Another focus was the role AI can play in improving some security functions. The AI Finance track at the conference was chaired by Andrew Bud, founder and CEO of iProov, which uses machine learning-based facial recognition technology to authenticate identity. It also included a presentation from Omar Yaacoubi, co-founder and CEO at Barac.io, who explained how his company’s technology uses AI to detect cyber attacks in real time within the movement of encrypted traffic flowing between connected devices, or through APIs.

The final keynote of the first day focused on the question of how incumbents will use AI techniques to meet the expectations of younger consumers. It was delivered by Lilach Bar-David, CEO at Pepper, the first mobile-only bank in Israel, which is backed by the incumbent bank Leumi. Its services, which include a peer-to-peer payment app, are managed through a Facebook-like interface on the consumer’s phone. Pointing to statistics that suggest many people still only engage with their banks a couple of times a month, Bar-David said Pepper aims to create “engagement … on a daily basis”.

If Pepper’s progress is based on a combination of cutting-edge technology and the reassurance of an existing bank, the subject of the first presentation on day two looked at how new types of financial provider are taking more revolutionary approaches. Matthias Kroner, CEO of German challenger bank Fidor, explained the role of the bank’s “community” of customers: social media-like interactions between bank and customer serve as a means of communication, brand-building and product development. The bank’s business model is based on sharing information with customers, on asking their opinions and even on rewarding them financially (in small numbers of bitcoin cents) for ‘liking’ or sharing other interactions, contributing to discussions and for reviewing products or services.

Fidor customers are also encouraged to ask open questions about investment choices, for example, secure in the knowledge that the answer will not be based on trying to sell a product, as Kroner claims the bank has no sales people. With a conventional bank, he suggests, a customer asking whether or not to invest in a particular type of asset will be directed towards the bank’s own relevant product. At Fidor, the community will try to answer the question. “This is why you need to do it as a community,” Kroner explained. “It’s a place to learn.”

Another panel discussion tackled the issue of how incumbents can harness the potential of FinTech. Graham Kellen, chief digital officer at Schroders, highlighted the advantages of being a long-established institution seeking to make the most of new technologies. A company like Schroders, he said, was perfectly positioned to work with innovative technology companies and offer them swift access to markets and to sources of funding and support. He pointed out that previous visits to Silicon Valley had left him with a strong sense of the value of cooperation between different companies to solve a given problem. Schroders is developing a partnership programme to try to use the best new FinTech ideas to enhance its proposition, he noted.

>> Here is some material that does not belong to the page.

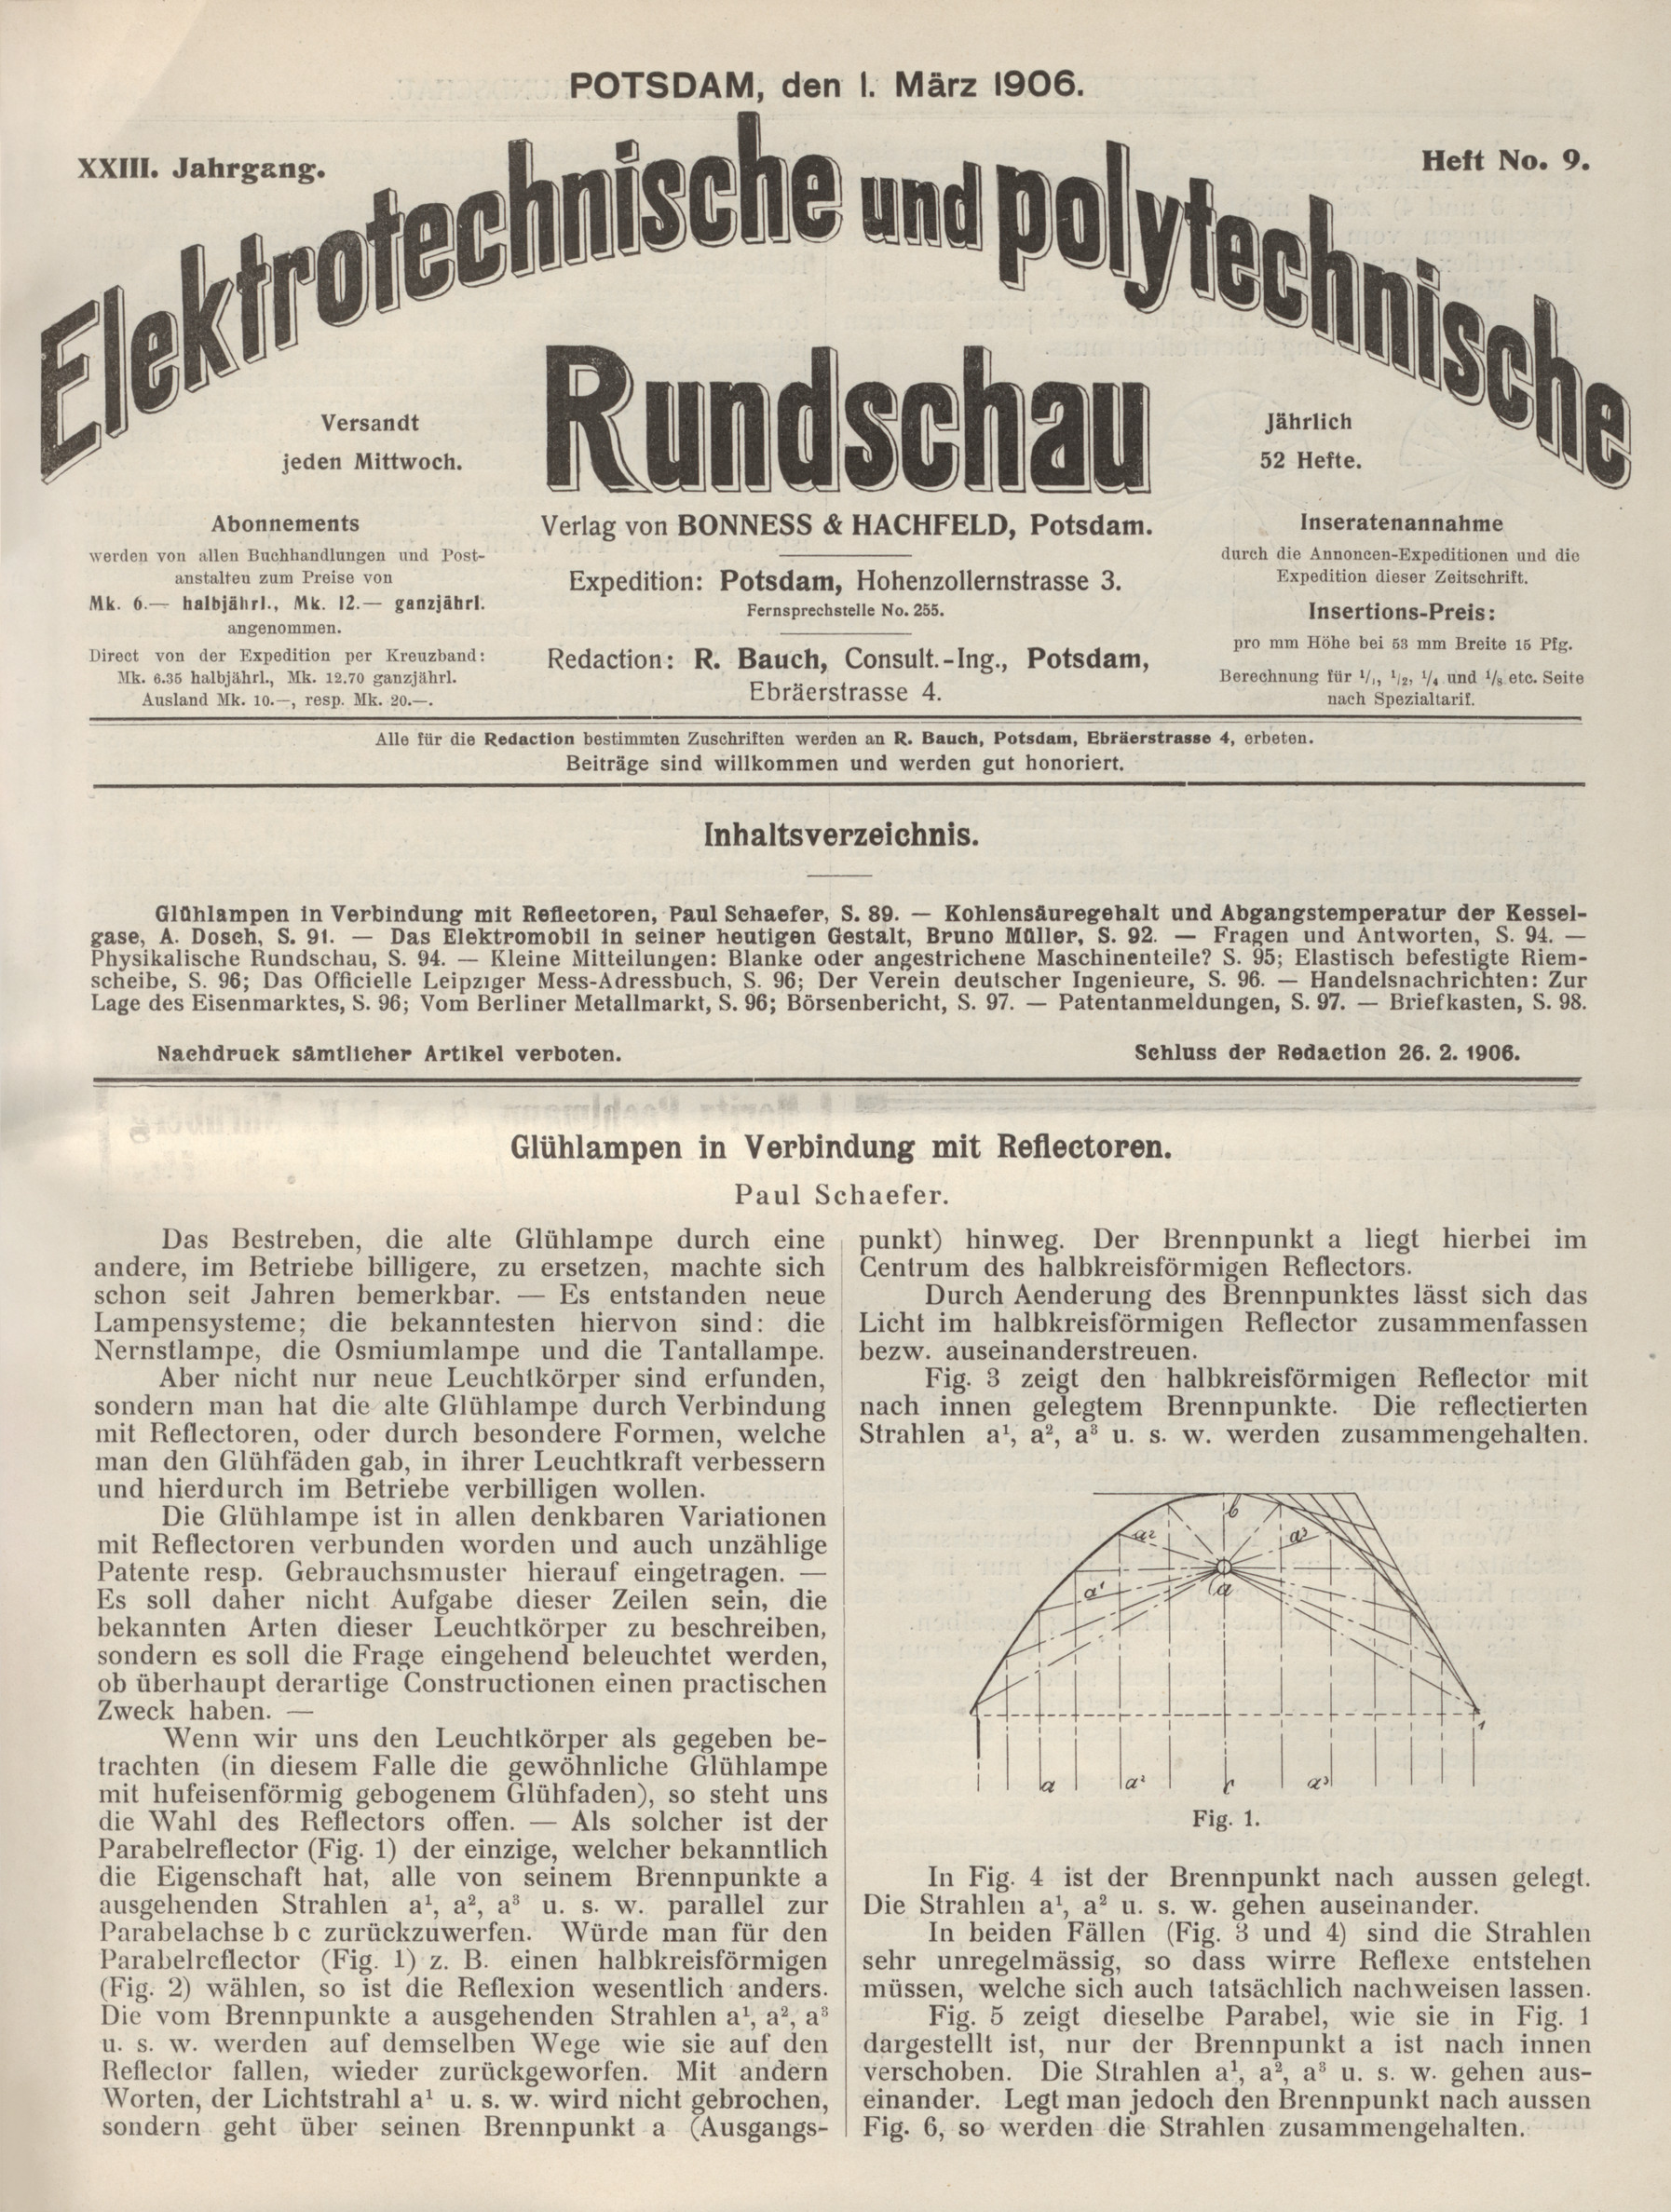 Elektrotechnische und polytechnische Rundschau, XXIII. Jahrgang, Heft No. 9

Pepper CEO Lilach Bar-David was also part of this panel. She talked about the way Pepper has been able to combine the approach of a new entrant FinTech with the trust customers put in its parent bank. But, she added, while trust in the brand was vital, so too was the customer experience. At present it is too often the case that there is a gap between the expectations of digitally literate customers and the service they receive from banks, she suggested.

It may be that this is the most important message that established financial services providers need to take away from FinTech Connect Live!, whoever their customers may be. As Bar-David put it: “Trust is an issue, but so is experience. Banks that create products people love will win the market.”